Subject Area Pathology
Term since 2022
Project identifier Deutsche Forschungsgemeinschaft (DFG) - Project number 504101714
 
Malignant transformation of somatic cells is accompanied by genetic changes that often lead to the expression of neoantigens and qualify tumor cells as a possible target of an adaptive immune response. Tumors can only grow and manifest clinically if they develop immunological escape mechanisms under the constant selection pressure by the patient’s immune system. Immune checkpoint inhibitors (ICI) aim to interrupt these escape mechanisms and restore functional anti-tumor immunity. Although ICIs are extremely effective in some patients, the average response rate is only about 13% and there are still no reliable biomarkers for predicting a therapy response to ICI.The aim of this project is to predict the therapy response to ICI using artificial intelligence (AI) and machine learning (ML). Various deep learning (DL) models will be trained on histopathological and immunohistochemical image data to predict response to treatment. The hypothesis is that various stages of anti-tumor immunity have distinct morphological features and can thus can be detected by the intelligent algorithms on a microscopic scale. Molecular changes relevant to the response to ICI, such as microsatellite instability and tumor mutation load, have already been successfully predicted using DL methods.
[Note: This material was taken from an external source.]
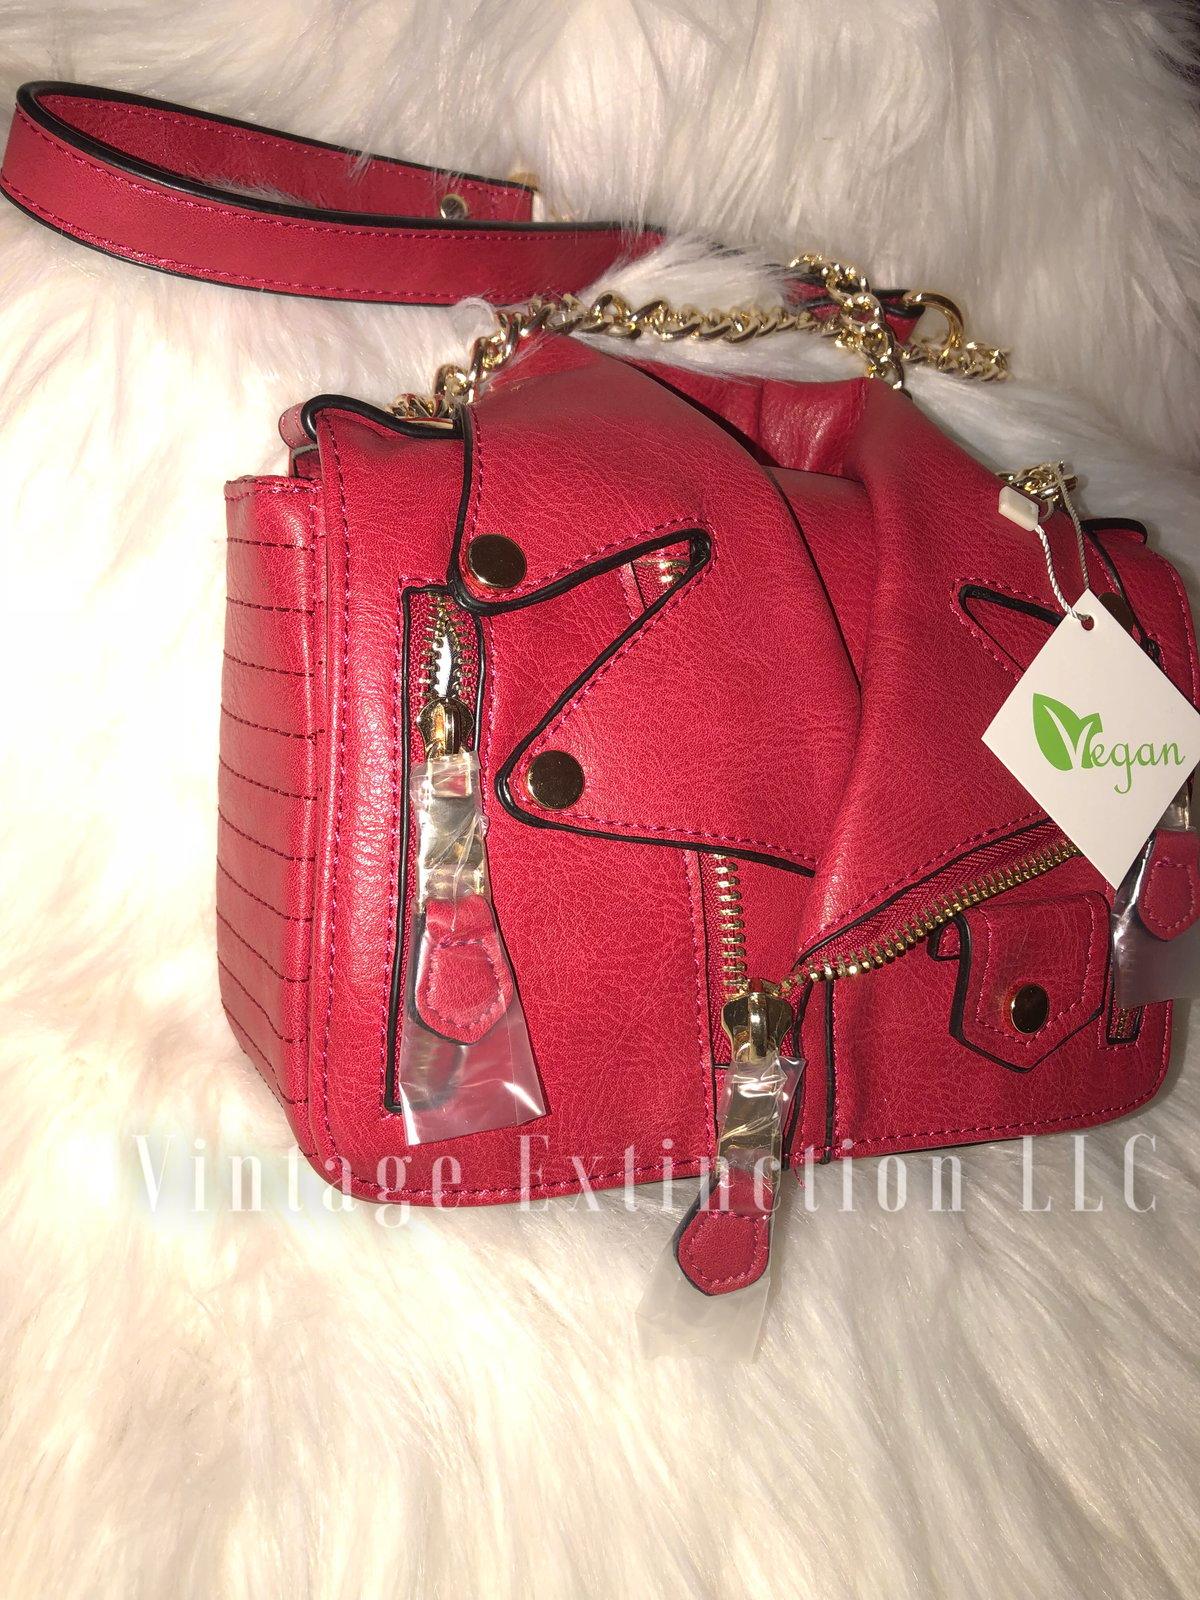 Image of Vegan Leather Motorcycle Jacket Bag

In addition, there are a number of morphological categorizations of the tumor-associated immune reaction, each of which responds differently to ICI.We will first train a series of specially established network architectures on a retrospective cohort of 551 patients who were treated with a PD-1 / PD-L1 inhibitor in the period 2015-2020 (retrospective training and validation cohort). The six tumor entities most frequently treated with ICI at the Mainz University Medical Center are included in the study. The target variable will be the best objective response according to RECIST. We will then prospectively check the predictive accuracy of our DL models in all patients with the above-mentioned tumor entities who are treated with ICI during the two-year funding period (prospective test cohort). Furthermore, we will identify histopathological features that influenced the decision-making of the DL model with the aim of identifying new morphological characteristics that determine a therapy response to ICI.